Nonduermas is a village and a district in Murcia, Spain. It is part of the municipality of Murcia.

== Etymology ==
Unlike other districts of the region (comarca) Huerta de Murcia and belonging to the municipality of Murcia, the Arab toponym of the territory did not persist.

This toponym has a previous historically Spanish variant origin (related to the Spanish language spoken in previous eras). 'Nonduermas' is composed by two words: the grammar negator word of a previous historically Spanish variant 'non' and the word 'duermas', which is the verb 'dormir' conjugated, and it means 'to sleep'. Therefore, this expression is negative imperative and it can be translated as 'Don't sleep' or 'Do not sleep'.

The reason for this district name is just hypothesized. One hypothesis is about the toponym to have its origins in the fact that a kind of neighbouring assembly medieval government named concejo, established that the meadows of the territory could be place for traffic for the local shepherds and the foreign shepherds must have been allowed for staying at the territory. Another action of the concejo related to the issue of those meadows was the instructions with the message that lighting camp fires was forbidden. Otherwise the shepherds would be fined. The consequences of that legal regulation and the fines would be the warning 'Non duermas' (Don't sleep). Other hypothesis is related to the danger in travelling through a path, so the locals used to warn the people who were intending to circulate through that path with the expression 'Non duermas'. A third hyphotesis establishes the origin of this toponym in the fact that a group of Christian knights were sent by the king James I of Aragon from Orihuela. They were attack by Muslim forces and the commander of the Christian party advertised this Christian knight group with the expression 'Non duermas'.

== Geography ==
The area of this district is approximately 2.755 km^{2} and its height is around 50 metres. There is a distance of 3 km from the village to the capital of the municipality (the city of Murcia).

== History ==
A farmstead whose name is Tel Açaguer or Tell Açegir is theorized to exist in the last half of the 13th century in this current district. In that era, large part of the Iberian Peninsula was governed by Muslim governments due to a Muslim conquer of the peninsula during the 8th century.

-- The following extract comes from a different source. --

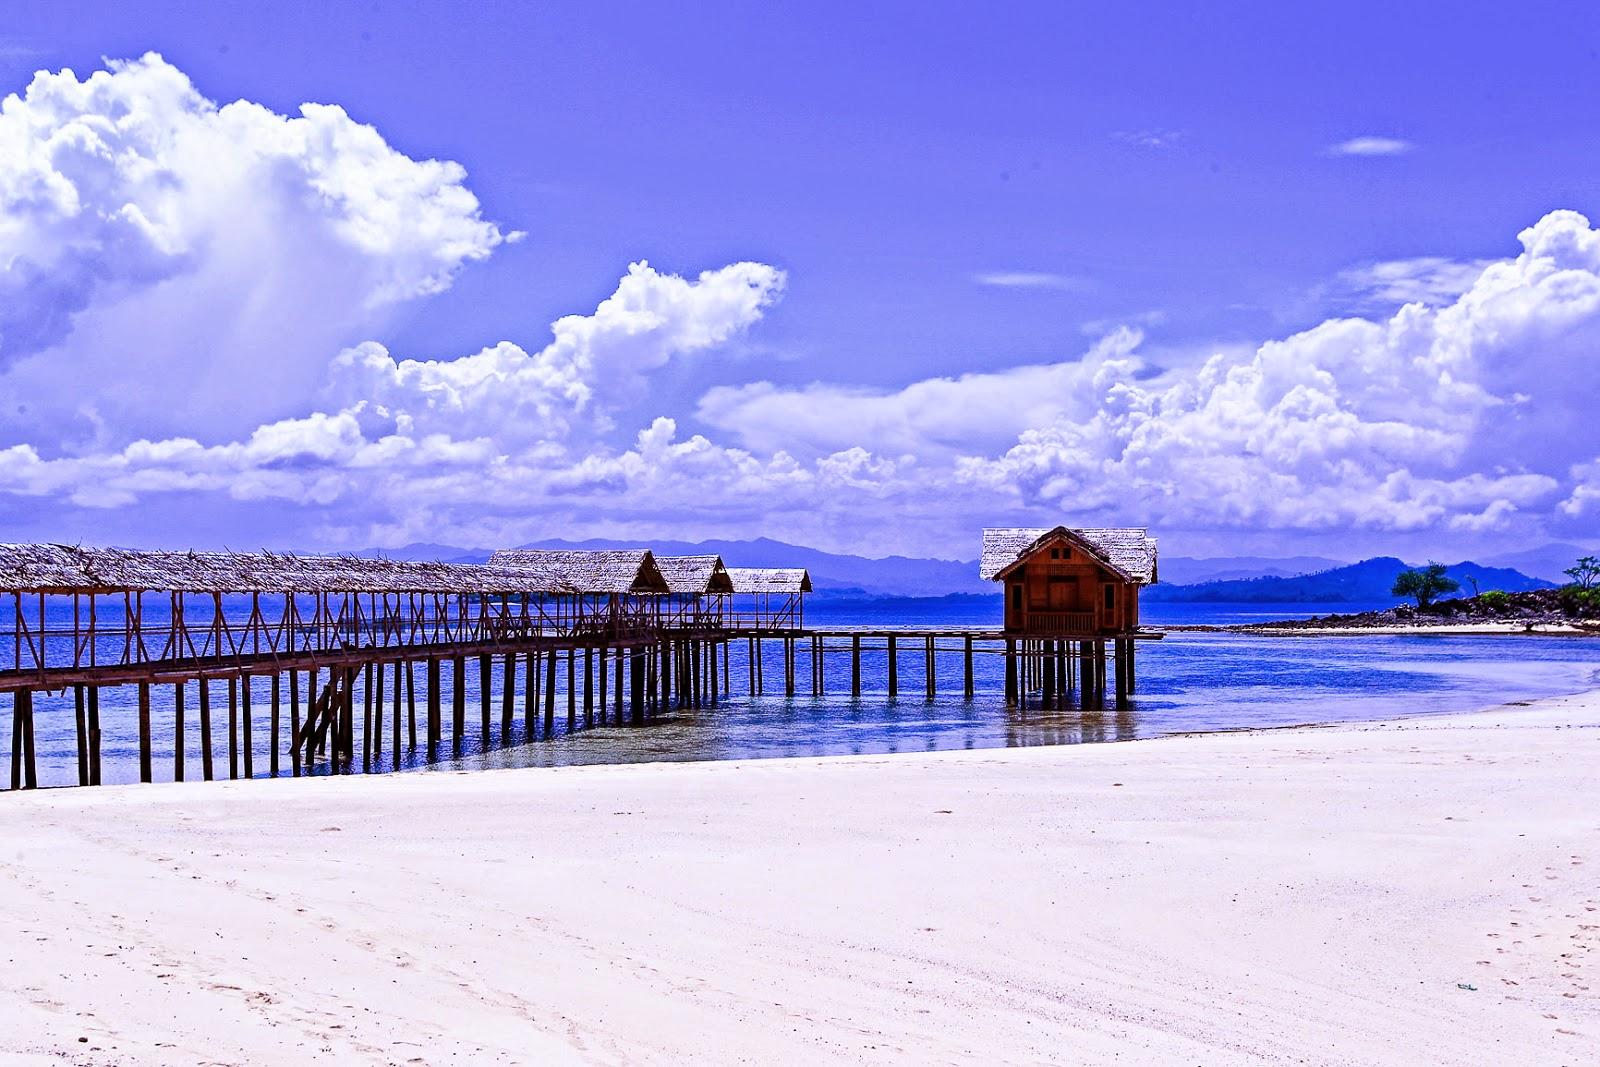 Tempat Wisata Gorontalo Pantai Terdapat Kabupaten Utara Kira 56 Km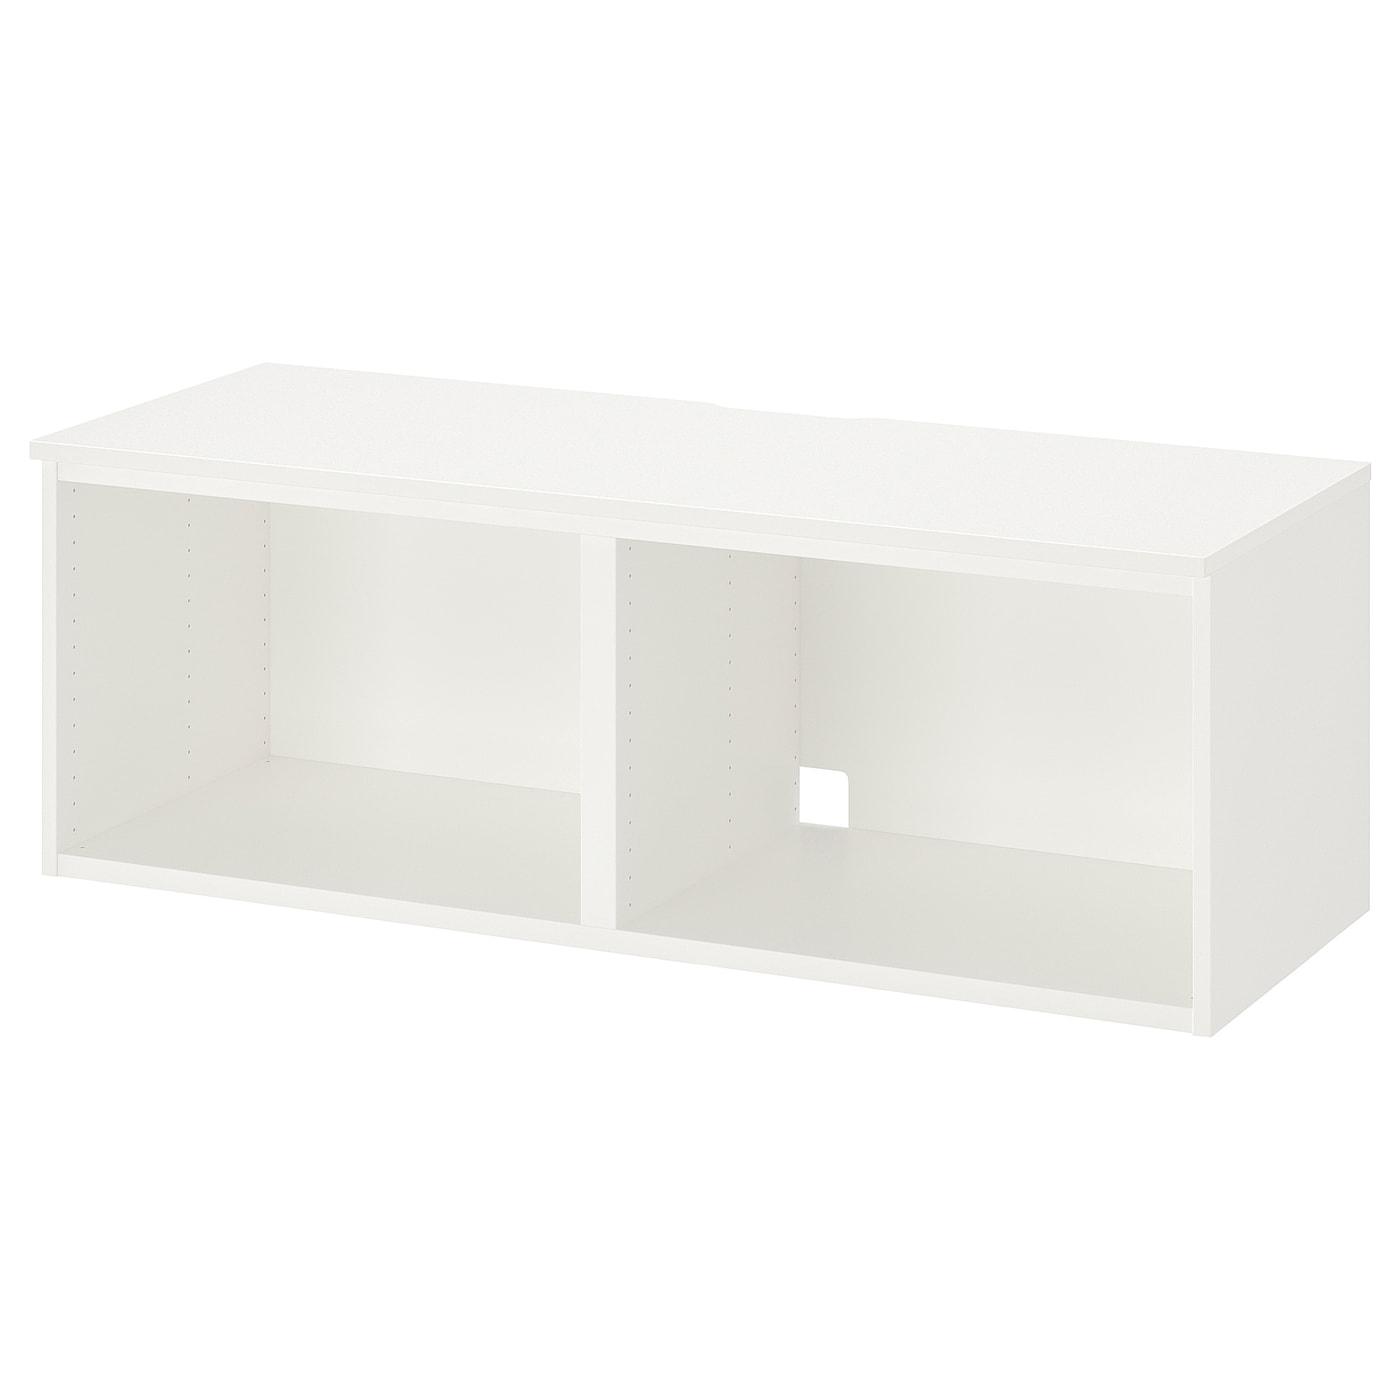 IKEA PLATSA Szafka pod TV, biały, 120x42x42 cm

During the Trienio Liberal (1820–1823), an own local government was established in Non Duermas.

There was a constant population growth during the 20th century in this territory.

== Festivities ==

- Fiestas patronales (Patron saint festivities) in honour of the patroness saint de Cortes: This festivity is held on the first weeks of September. During these festive days some acts such as masses, triduums and flowers offerings to the Virgin are conducted. Other phenomena in this festive ambient are the choirs and the popular dances. There are also acts for young people such as hip hop performances and festive races. In rigard to the children, there are children theatre performances, amusement rides and a temporary outdoor cinema space avoidable for them.